Work instruction
May I have the lines from the one containing "我国去年居民收入跑赢GDP增速" to the end of the entries, returned exactly and with nothing else?

Information provided
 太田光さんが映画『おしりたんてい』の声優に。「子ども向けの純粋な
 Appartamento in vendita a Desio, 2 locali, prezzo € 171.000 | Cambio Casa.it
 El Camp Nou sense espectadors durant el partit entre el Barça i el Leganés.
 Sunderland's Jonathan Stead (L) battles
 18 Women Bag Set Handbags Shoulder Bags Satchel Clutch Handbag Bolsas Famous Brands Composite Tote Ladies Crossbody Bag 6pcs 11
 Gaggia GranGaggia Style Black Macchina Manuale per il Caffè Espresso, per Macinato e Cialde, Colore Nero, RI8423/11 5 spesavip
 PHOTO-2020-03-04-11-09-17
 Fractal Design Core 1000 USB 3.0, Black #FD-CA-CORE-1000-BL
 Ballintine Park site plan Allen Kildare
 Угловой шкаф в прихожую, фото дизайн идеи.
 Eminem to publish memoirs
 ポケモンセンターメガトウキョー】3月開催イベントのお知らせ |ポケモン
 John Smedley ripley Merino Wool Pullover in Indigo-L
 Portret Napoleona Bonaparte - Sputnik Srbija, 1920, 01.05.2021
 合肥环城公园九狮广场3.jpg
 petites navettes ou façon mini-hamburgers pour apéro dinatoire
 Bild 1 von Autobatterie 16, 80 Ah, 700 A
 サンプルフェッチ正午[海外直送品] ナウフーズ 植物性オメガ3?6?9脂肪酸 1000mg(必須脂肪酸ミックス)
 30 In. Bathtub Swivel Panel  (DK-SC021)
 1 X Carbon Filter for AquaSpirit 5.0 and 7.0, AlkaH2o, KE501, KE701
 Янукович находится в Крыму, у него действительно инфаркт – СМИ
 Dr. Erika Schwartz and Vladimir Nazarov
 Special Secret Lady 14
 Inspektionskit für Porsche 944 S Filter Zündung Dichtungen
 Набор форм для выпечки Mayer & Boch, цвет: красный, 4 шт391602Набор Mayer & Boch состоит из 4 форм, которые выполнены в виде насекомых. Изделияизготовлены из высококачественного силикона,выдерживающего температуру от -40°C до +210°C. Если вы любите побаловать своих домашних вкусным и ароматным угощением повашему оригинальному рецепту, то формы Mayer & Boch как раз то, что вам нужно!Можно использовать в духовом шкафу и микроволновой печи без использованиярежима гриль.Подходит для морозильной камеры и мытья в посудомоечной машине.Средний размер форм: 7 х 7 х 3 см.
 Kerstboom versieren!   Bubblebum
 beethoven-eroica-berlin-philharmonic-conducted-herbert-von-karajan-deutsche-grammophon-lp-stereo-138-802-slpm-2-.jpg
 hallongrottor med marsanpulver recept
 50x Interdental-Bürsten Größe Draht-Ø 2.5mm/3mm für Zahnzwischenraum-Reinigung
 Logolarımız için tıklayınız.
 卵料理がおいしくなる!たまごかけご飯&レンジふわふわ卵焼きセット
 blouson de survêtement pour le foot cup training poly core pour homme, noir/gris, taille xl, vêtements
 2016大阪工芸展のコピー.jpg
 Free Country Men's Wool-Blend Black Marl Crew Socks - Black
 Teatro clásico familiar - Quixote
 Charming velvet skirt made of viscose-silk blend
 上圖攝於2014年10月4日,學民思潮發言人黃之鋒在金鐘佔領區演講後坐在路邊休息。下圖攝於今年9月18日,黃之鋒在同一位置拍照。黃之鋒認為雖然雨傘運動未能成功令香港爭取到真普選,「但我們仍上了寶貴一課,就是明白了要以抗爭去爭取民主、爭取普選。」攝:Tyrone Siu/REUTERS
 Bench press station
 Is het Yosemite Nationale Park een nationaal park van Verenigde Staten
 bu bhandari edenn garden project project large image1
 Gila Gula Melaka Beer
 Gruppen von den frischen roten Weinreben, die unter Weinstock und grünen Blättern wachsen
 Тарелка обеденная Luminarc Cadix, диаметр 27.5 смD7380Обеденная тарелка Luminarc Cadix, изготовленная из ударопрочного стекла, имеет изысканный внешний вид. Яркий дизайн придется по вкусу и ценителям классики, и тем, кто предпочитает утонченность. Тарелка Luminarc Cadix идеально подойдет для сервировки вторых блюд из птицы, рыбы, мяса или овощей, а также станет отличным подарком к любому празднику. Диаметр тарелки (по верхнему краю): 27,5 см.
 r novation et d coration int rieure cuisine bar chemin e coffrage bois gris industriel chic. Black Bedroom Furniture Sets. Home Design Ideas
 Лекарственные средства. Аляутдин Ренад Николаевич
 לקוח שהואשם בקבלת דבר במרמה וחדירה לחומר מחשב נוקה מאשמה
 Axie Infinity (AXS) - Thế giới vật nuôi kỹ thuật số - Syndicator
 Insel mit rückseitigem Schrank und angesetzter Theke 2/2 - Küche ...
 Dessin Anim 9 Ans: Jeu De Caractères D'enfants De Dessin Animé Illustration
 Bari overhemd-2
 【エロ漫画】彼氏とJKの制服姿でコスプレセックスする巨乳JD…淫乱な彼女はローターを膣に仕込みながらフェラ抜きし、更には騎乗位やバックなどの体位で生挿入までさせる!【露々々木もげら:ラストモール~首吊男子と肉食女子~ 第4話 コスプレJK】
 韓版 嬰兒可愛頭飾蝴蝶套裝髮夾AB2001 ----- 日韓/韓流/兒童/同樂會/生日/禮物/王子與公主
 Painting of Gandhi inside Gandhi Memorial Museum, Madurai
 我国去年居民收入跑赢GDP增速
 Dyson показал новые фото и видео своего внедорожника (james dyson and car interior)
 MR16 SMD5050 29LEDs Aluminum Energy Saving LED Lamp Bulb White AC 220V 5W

Task output
 我国去年居民收入跑赢GDP增速
 Dyson показал новые фото и видео своего внедорожника (james dyson and car interior)
 MR16 SMD5050 29LEDs Aluminum Energy Saving LED Lamp Bulb White AC 220V 5W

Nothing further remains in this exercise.